Where the material below has a line containing "Music fans during Glasgow's TRNSMT Festival", start repeating exactly, and keep going through the line containing "GraphicRiver Strategy Logo 6419281", with no other lines.

════

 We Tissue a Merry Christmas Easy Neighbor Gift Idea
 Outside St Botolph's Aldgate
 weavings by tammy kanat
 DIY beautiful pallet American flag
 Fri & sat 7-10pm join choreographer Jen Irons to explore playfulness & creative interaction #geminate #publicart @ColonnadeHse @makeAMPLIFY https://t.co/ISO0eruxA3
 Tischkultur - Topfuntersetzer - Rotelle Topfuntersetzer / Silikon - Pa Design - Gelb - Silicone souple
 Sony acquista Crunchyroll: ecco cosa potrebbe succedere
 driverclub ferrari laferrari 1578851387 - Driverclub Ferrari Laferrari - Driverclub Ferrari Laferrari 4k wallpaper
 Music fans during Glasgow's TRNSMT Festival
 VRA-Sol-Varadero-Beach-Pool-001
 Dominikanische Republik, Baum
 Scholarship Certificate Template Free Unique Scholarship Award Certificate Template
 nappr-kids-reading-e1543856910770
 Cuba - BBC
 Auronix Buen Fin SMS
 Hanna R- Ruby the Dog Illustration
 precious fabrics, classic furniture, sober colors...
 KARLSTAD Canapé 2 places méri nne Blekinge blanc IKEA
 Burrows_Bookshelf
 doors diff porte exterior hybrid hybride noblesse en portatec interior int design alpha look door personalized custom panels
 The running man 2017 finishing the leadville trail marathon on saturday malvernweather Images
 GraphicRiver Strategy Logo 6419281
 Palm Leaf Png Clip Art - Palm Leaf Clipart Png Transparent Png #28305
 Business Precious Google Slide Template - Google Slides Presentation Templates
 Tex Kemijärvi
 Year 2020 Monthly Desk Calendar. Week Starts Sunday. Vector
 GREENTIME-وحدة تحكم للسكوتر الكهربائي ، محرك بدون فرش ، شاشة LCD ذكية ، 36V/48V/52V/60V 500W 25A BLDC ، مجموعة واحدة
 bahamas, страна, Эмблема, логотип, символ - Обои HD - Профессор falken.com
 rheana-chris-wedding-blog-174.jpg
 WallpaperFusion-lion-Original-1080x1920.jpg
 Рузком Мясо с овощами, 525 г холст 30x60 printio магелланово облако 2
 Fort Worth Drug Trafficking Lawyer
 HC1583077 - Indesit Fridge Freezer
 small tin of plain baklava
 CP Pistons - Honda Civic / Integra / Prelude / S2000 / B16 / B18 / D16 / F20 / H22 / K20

════

- [Answer space]:
 Music fans during Glasgow's TRNSMT Festival
 VRA-Sol-Varadero-Beach-Pool-001
 Dominikanische Republik, Baum
 Scholarship Certificate Template Free Unique Scholarship Award Certificate Template
 nappr-kids-reading-e1543856910770
 Cuba - BBC
 Auronix Buen Fin SMS
 Hanna R- Ruby the Dog Illustration
 precious fabrics, classic furniture, sober colors...
 KARLSTAD Canapé 2 places méri nne Blekinge blanc IKEA
 Burrows_Bookshelf
 doors diff porte exterior hybrid hybride noblesse en portatec interior int design alpha look door personalized custom panels
 The running man 2017 finishing the leadville trail marathon on saturday malvernweather Images
 GraphicRiver Strategy Logo 6419281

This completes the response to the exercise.